By the time next Sunday comes, you haven’t just “solved a paper”—you have actively repaired the holes in your knowledge. Gradually, your score will rise because you are fixing your weak spots weekly.
5. The Reality Check: Cutoffs & Safe Scores
Years ago, 75% was a safe score. Times have changed. The competition has skyrocketed.
- The Target: To secure a Government seat (General Category), you need to aim for 640-650+ marks.
- Accuracy over Risk: Unlike the past, “taking risks” is dangerous. With cutoffs this high, negative marking is a rank-killer. You must work on accuracy. If you don’t know it, don’t guess blindly. Use elimination techniques instead.

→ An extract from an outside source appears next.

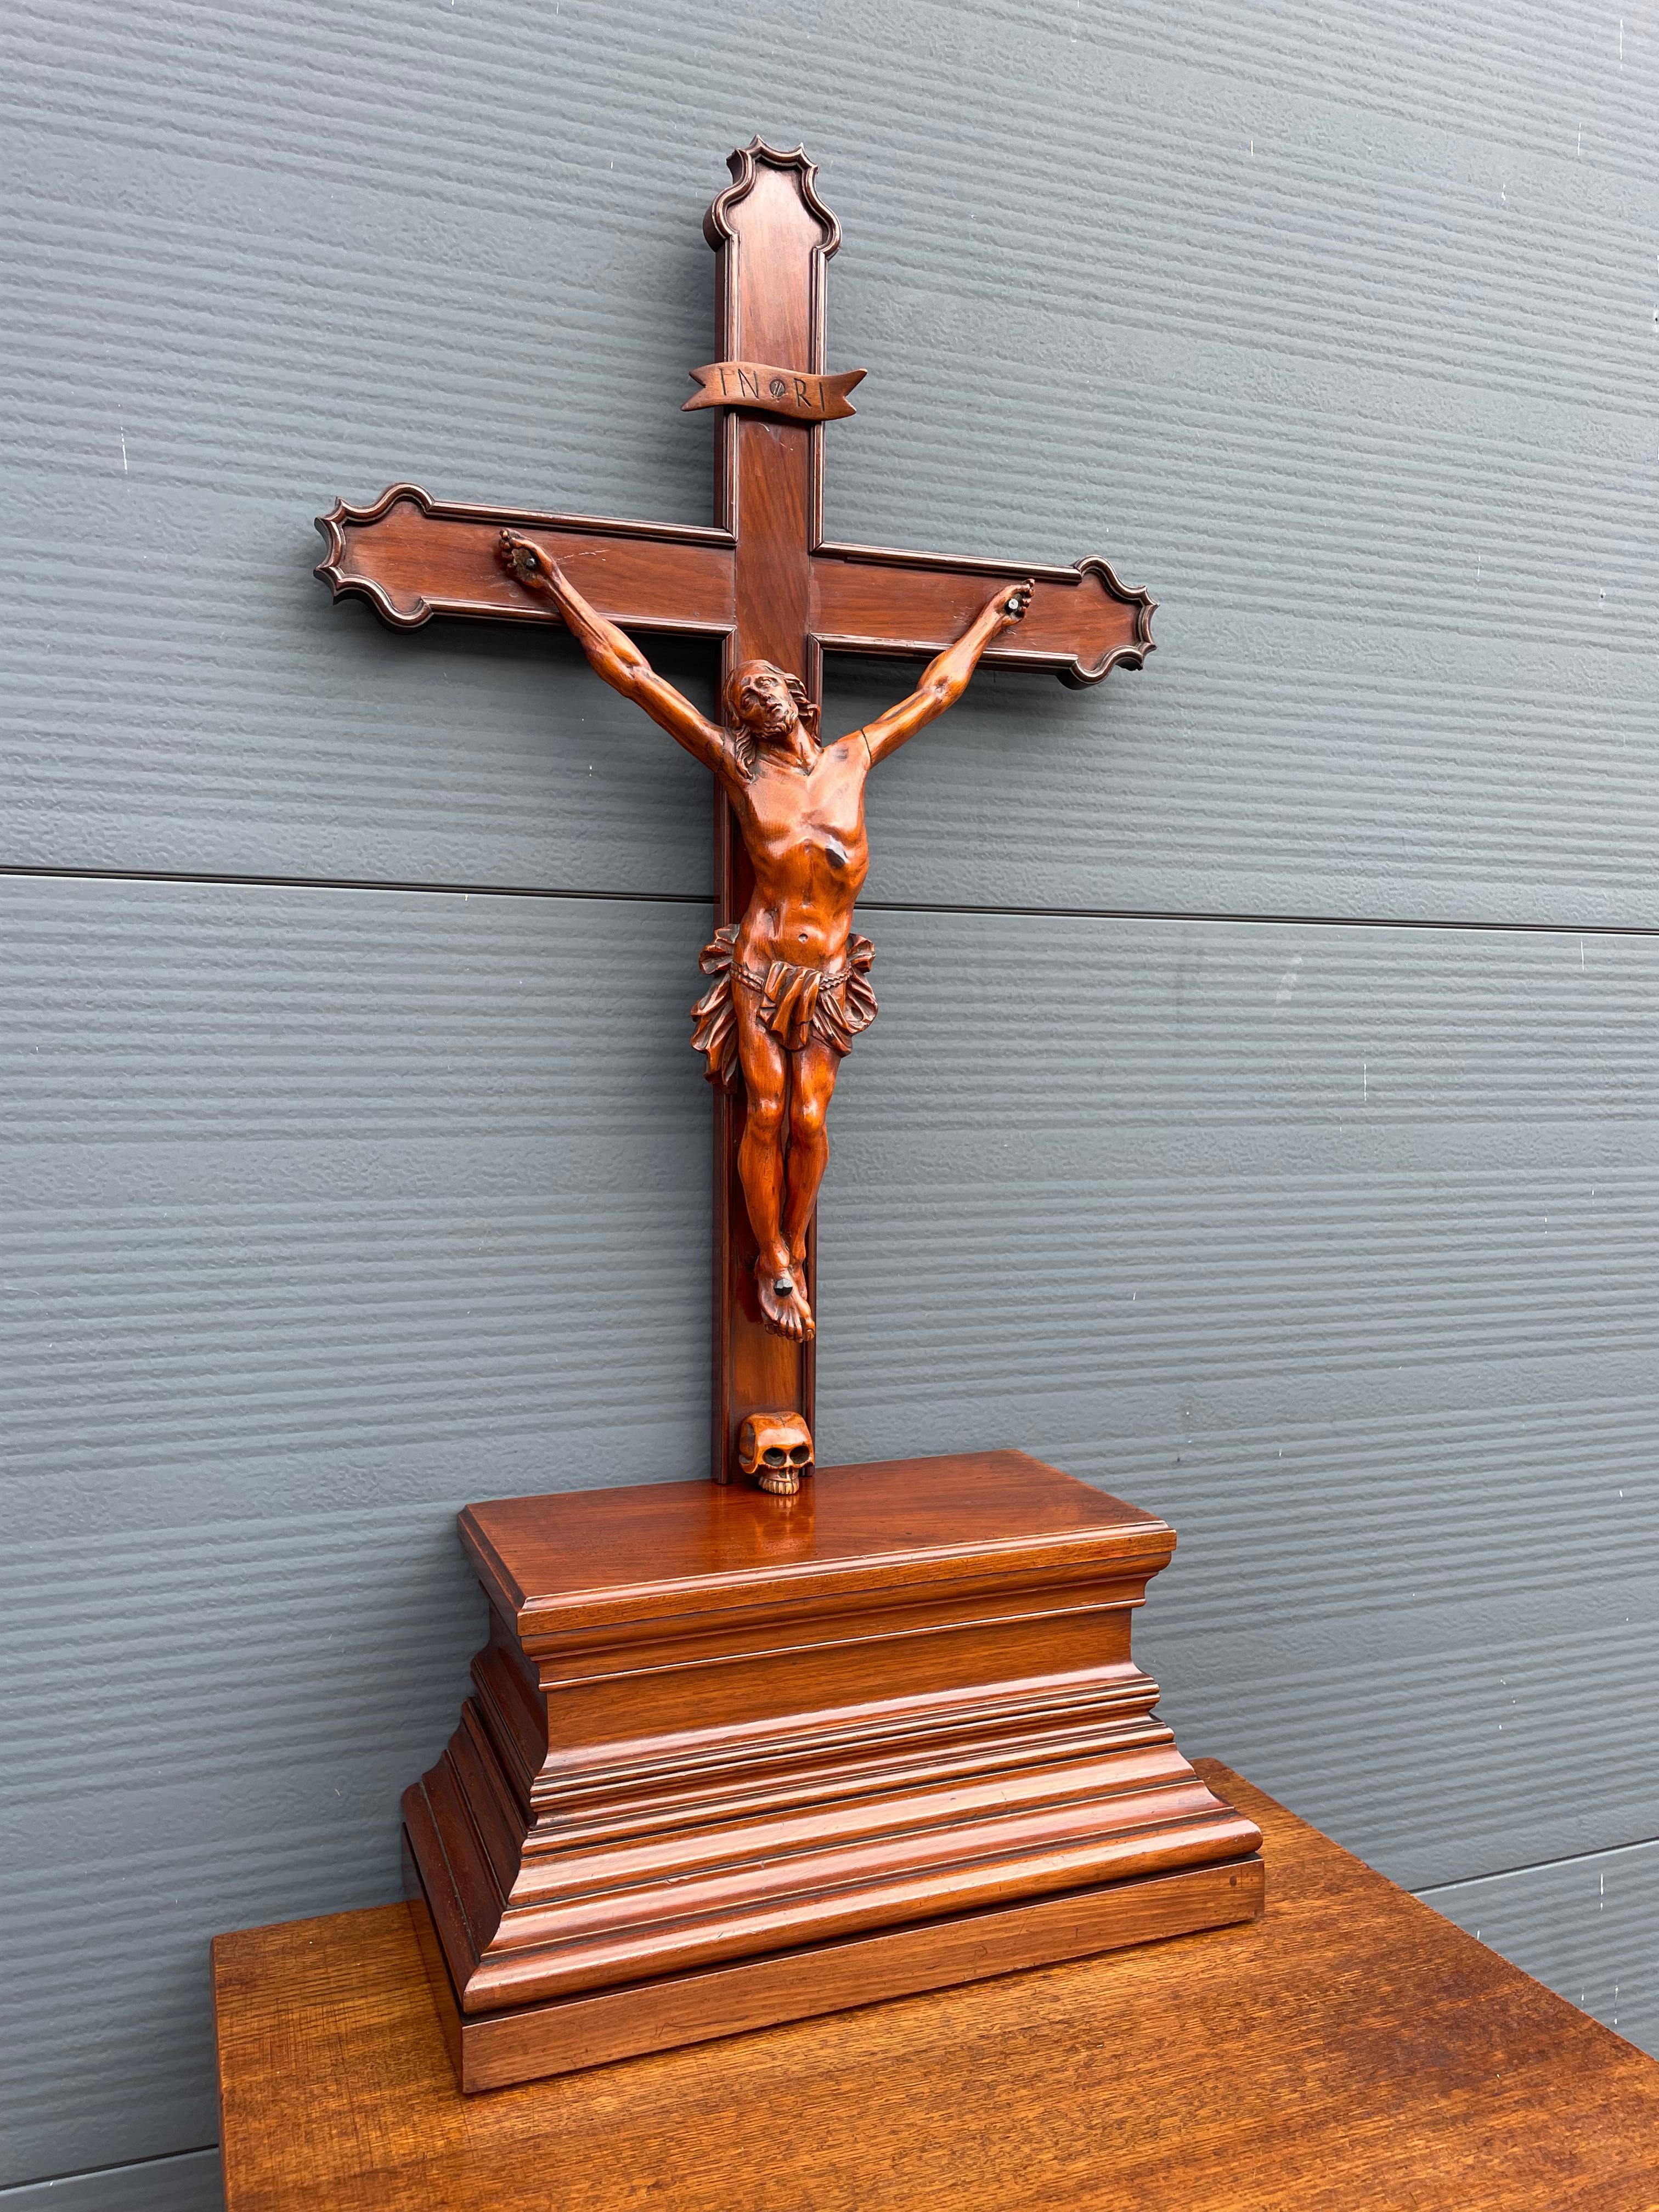 Superbe crucifix d'autel du 19e siècle avec un compartiment secret pour la bible dans la base.

Au fil des décennies, nous avons vendu un certain nombre de crucifix uniques et très bien réalisés, mais jamais un crucifix avec une patine aussi

6. NCERT vs. Out of Syllabus
“My friends say NCERT isn’t enough.”
Don’t believe them. 98% of the paper will be directly or indirectly from NCERT. If you find questions in Mock Tests that are wildly out of the syllabus, note them down, learn the concept briefly, and move on. Do not waste days reading heavy reference books for that 2% chance. Master the 98% that is NCERT.
Final Words
“Work Hard, Work Smart.”
REVISION is the key. All that you have read is a waste if you don’t revise it. Make sure you keep looping back to what you have studied.
All the best for your exams.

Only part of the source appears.